Der Ansatz, Post-Metal rein instrumental zu halten, ist wahrlich nicht neu, jedoch merkt man auch hier, dass im Vergleich zu anderen Bands mit dem Gesang eine wichtige emotionale Komponente fehlt, die NEGATIVE SYMBOLS sicher geholfen hätte, erinnerungswürdigere Stellen zu erschaffen. Dass Willnecker die einzige verbleibende Möglichkeit, den Hörer in eine bestimmte Richtung zu lenken, nämlich Songtitel, komplett ungenutzt lässt und die Stücke schlicht mit römischen Zahlen durchnummeriert, offenbart sich daher auch als Fehlentscheidung.
Immerhin können ein paar der Stücke wenigstens stellenweise überzeugen.
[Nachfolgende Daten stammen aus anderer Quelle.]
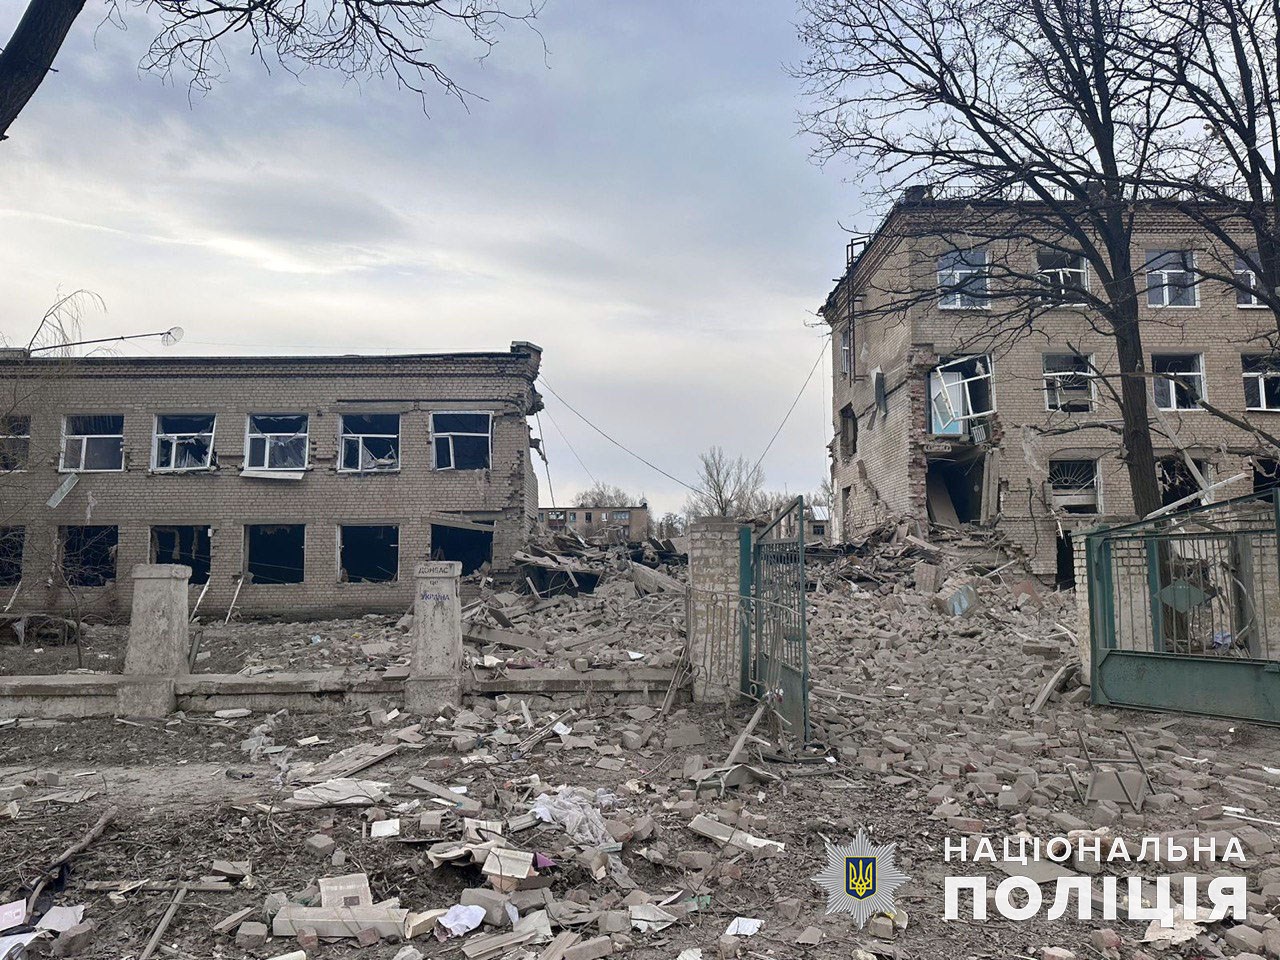 4 жители области погибли и столько же получили ранения: за сутки россияне обстреляли 32 города и села Донетчины 2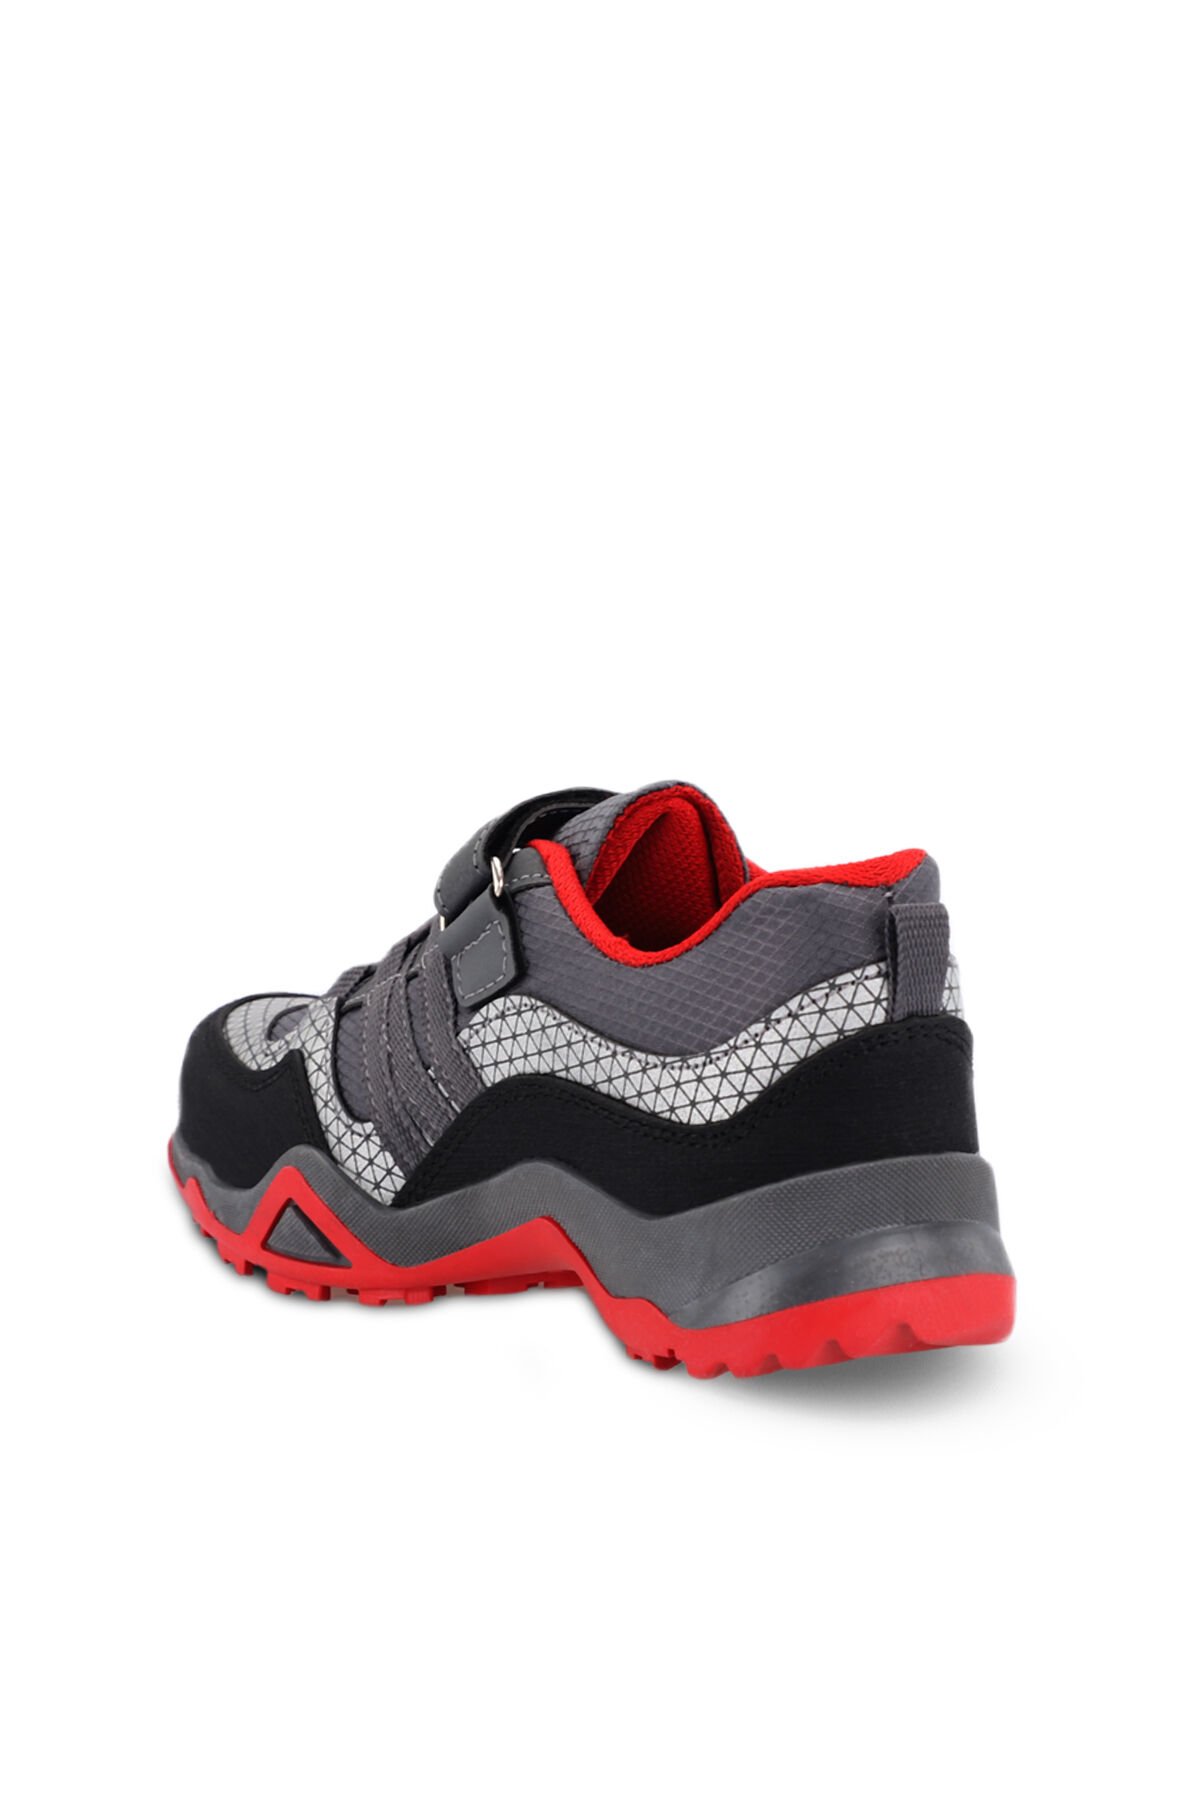 Slazenger ALDONA Sneaker Erkek Çocuk Ayakkabı Koyu Gri / Siyah - Thumbnail

Das Lied „III“ hält einige gefällige Momente parat, ebenso kann das darauffolgende Interludium die Songs passend und stilvoll verbinden. Zwar gefällt keiner der Songs durchgehend, aber immerhin findet man hier und da ein paar Stellen, die durchaus schön gemacht sind. Ansonsten begeht Willnecker aber überwiegend die gleichen Fehler wie viele andere Post-Rock-Vertreter auch. Nur weil man auf monotone Gitarrenmelodien viel Hall und Delay legt, werden sie noch lange nicht emotional oder ergreifend. Nur weil man strikt im klassisch harmonischen Songwriting bleibt, klingt das alles nicht automatisch schön und leicht zugänglich.
Wenn „Without Voices“ für eine Sache gut ist, dann ist es die, dass es all den Kritikern von Post-Black-Metal-Formationen wie Der Weg einer Freiheit, die dieser Truppe langweiliges, liebloses, plattes Songwriting vorwerfen, zeigt, wie die Musik der Würzburger klingen würde, wenn diese Vorwürfe tatsächlich zuträfen. NEGATIVE SYMBOLS‘ Debüt mag zwar so ziemlich alle Black-Metal-Kiddie-Youtube-Versuche hinter sich lassen, von der Qualität vieler bekannterer Bands in diesem Genre ist das Soloprojekt aber noch weit entfernt. Wenn das Ganze wirklich funktionieren soll, dann müssen nächstes Mal ausgefeiltere Melodien, ein sinnvolles Konzept und vor allem eine bessere Produktion her.